UNITED STATES DISTRICT COURT DISTRICT OF NEVADA
Sep 28, 2017
Case No. 2:15-cv-01555-APG-GWF (D. Nev. Sep. 28, 2017)

Opinion

Case No. 2:15-cv-01555-APG-GWF

09-28-2017

KATHRYN KINGHAM, Plaintiff, v. STATE FARM MUTUAL AUTOMOBILE INSURANCE COMPANY, Defendant.


ORDER GRANTING IN PART THE DEFENDANT'S MOTION FOR SUMMARY JUDGMENT

(ECF No. 31)

Plaintiff Kathryn Kingham was injured in a car accident when Samuel Mason, who was intoxicated, rear-ended the vehicle in which Kingham was a passenger. Several other people were injured in the accident, so Mason's insurance coverage was split amongst them, with Kingham receiving $6,180. Kingham then sought underinsured motorist payments from her own insurer, defendant State Farm Mutual Automobile Insurance Company. Kingham initially sought $25,000 in benefits. State Farm initially offered $3,900 and then increased its offer to $5,900. Kingham later increased her demand to the full $50,000 policy limit after she continued treatment and had neck surgery. State Farm never increased its offer. Kingham sued State Farm for breach of contract, bad faith, and unfair claims practices.

State Farm moves for summary judgment on Kingham's claims for bad faith and unfair claims practices, as well as her request for punitive damages. As to bad faith, State Farm contends that because it offered to pay something on the claim, it cannot be said to have denied it, and thus no bad faith claim lies. Alternatively, State Farm argues that its valuation of Kingham's claim was reasonable and therefore no genuine dispute about bad faith remains. As to the unfair claims practices, State Farm argues that Nevada law requires that a State Farm officer, director, or department head know about the alleged unfair claims handling practice, and that Kingham has provided no such evidence.
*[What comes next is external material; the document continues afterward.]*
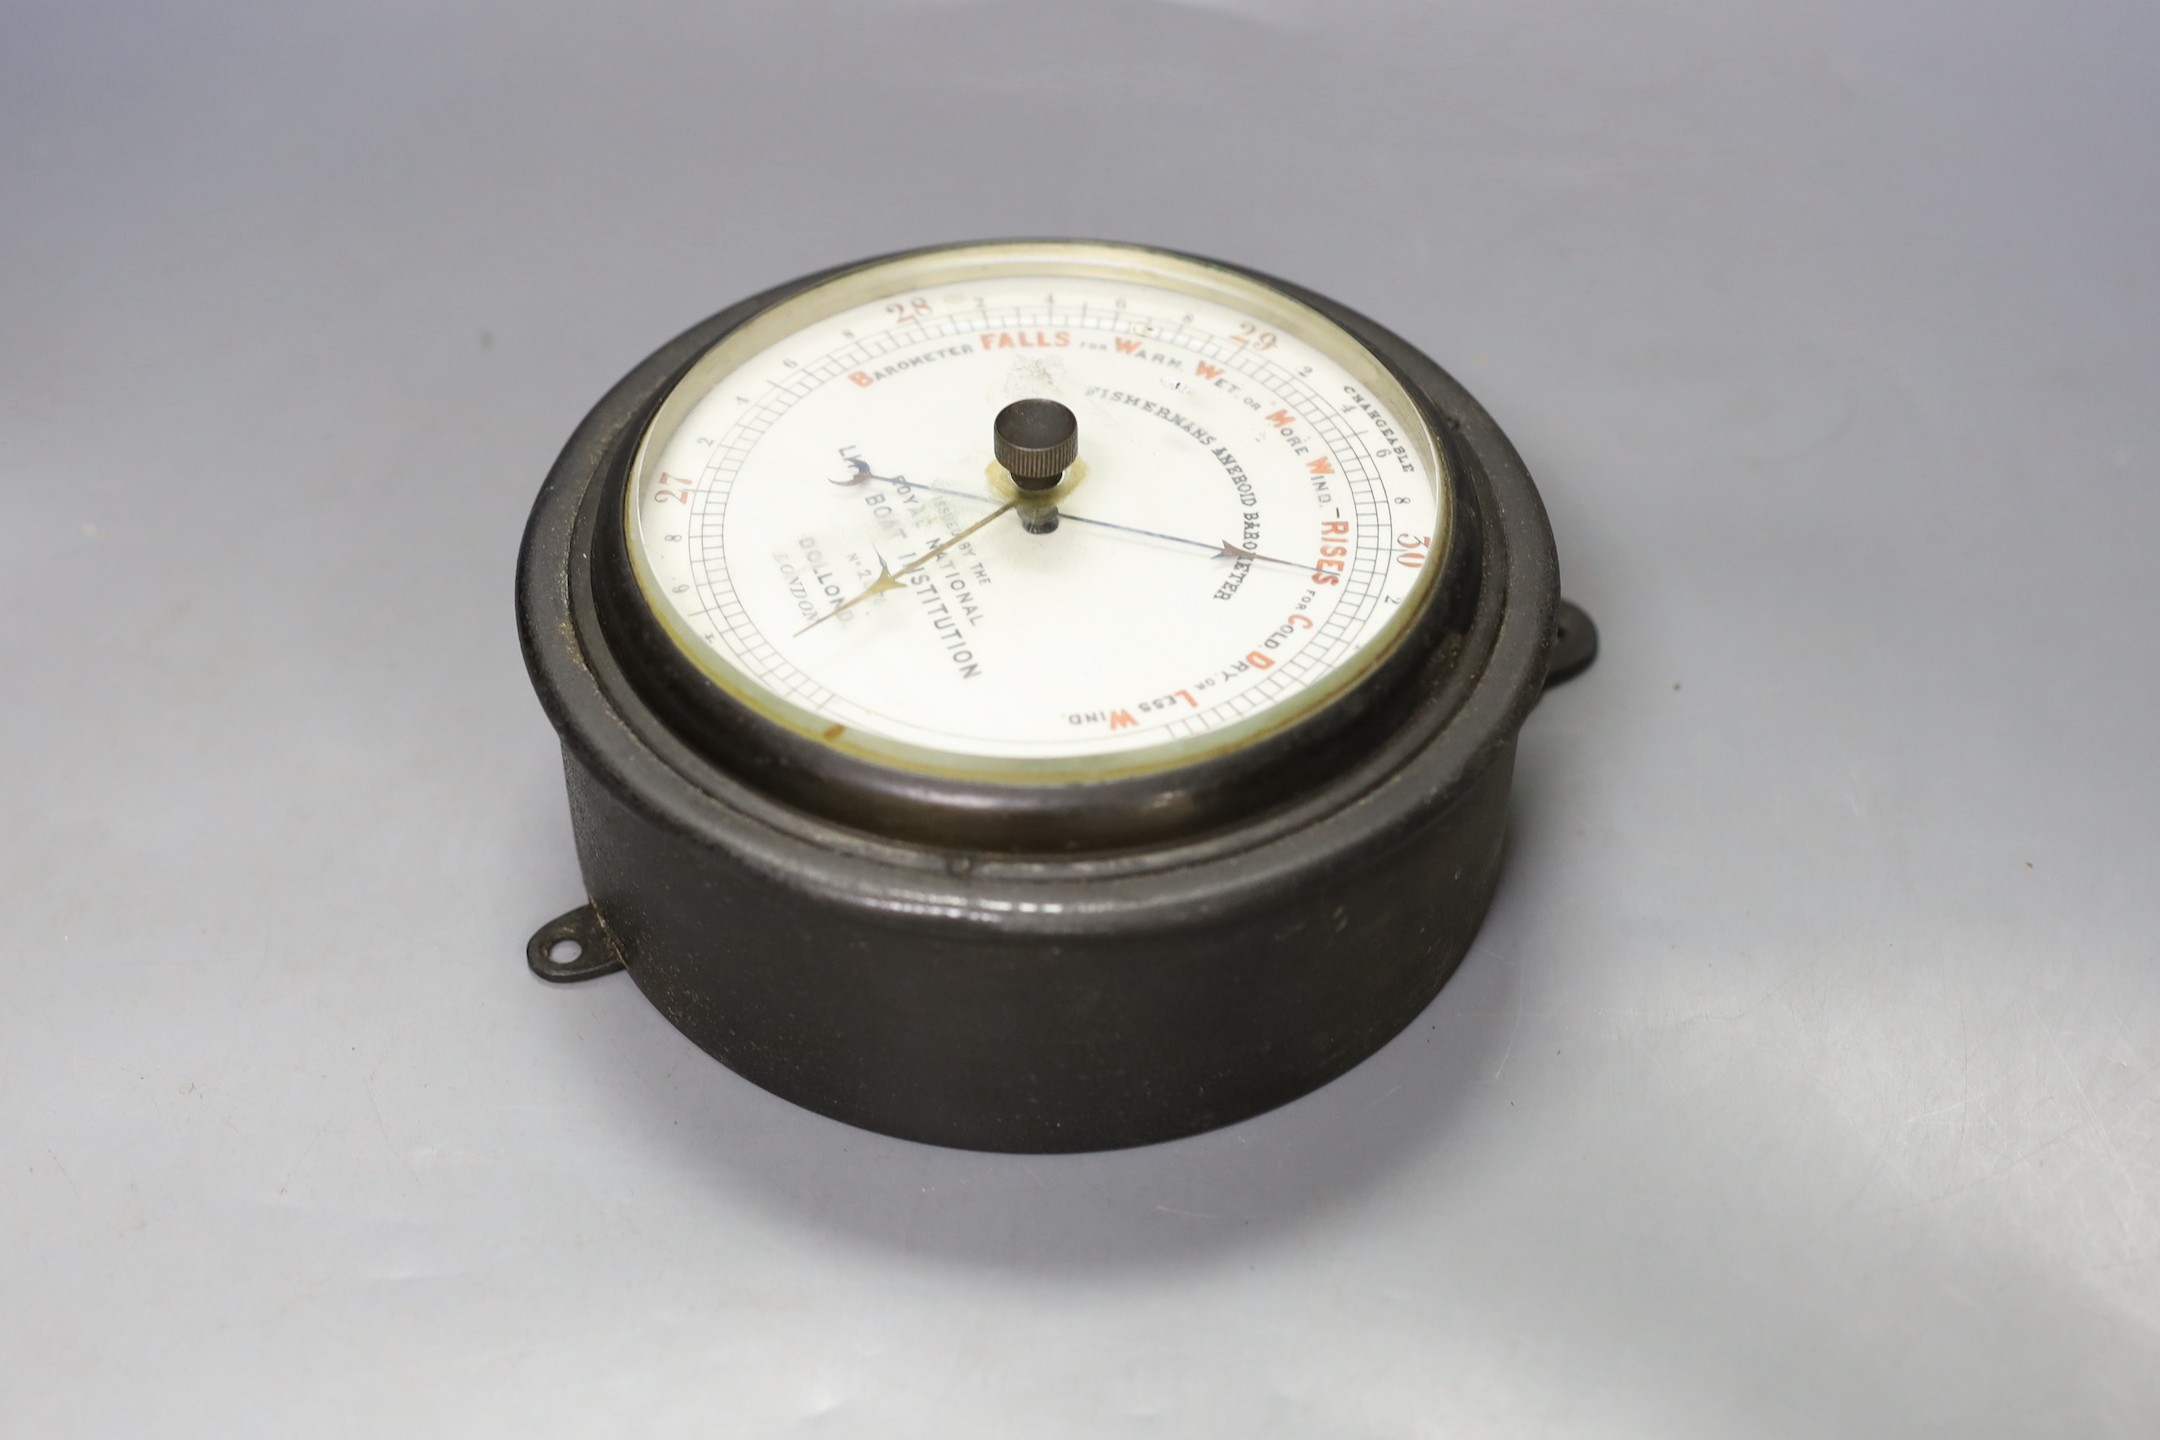 Dollond RNLI aneroid barometer - 16.5cm diameter - Image 2 of 3

State Farm also argues that, in any event, it did not engage in any unfair claims handling practices and that Kingham has no evidence of damages arising from any such practices. Finally, State Farm argues there is no evidence to support punitive damages.

Kingham responds that there is a genuine dispute about State Farm's failure to conduct a timely and thorough investigation into her claim because, for example, it did not timely request medical records, it did not obtain a statement from her, and it did not request an independent medical exam. She asserts the failure to investigate led to an unreasonably low valuation of her claim. As to the unfair claims practices, Kingham asserts that the requirement of showing knowledge by senior State Farm officials applies only to prosecutions of an insurer by the Nevada Commissioner of Insurance. She also argues the same evidence of bad faith shows State Farm engaged in unfair claims practices. Finally, Kingham argues that it is premature to rule on her request for punitive damages.

I deny State Farm's motion on Kingham's bad faith claim. I grant State Farm's motion on Kingham's claim for unfair practices and her request for punitive damages.

I. ANALYSIS

Summary judgment is appropriate if the movant shows "there is no genuine dispute as to any material fact and the movant is entitled to judgment as a matter of law." Fed. R. Civ. P. 56(a), (c). A fact is material if it "might affect the outcome of the suit under the governing law." Anderson v. Liberty Lobby, Inc., 477 U.S. 242, 248 (1986). An issue is genuine if "the evidence is such that a reasonable jury could return a verdict for the nonmoving party." Id.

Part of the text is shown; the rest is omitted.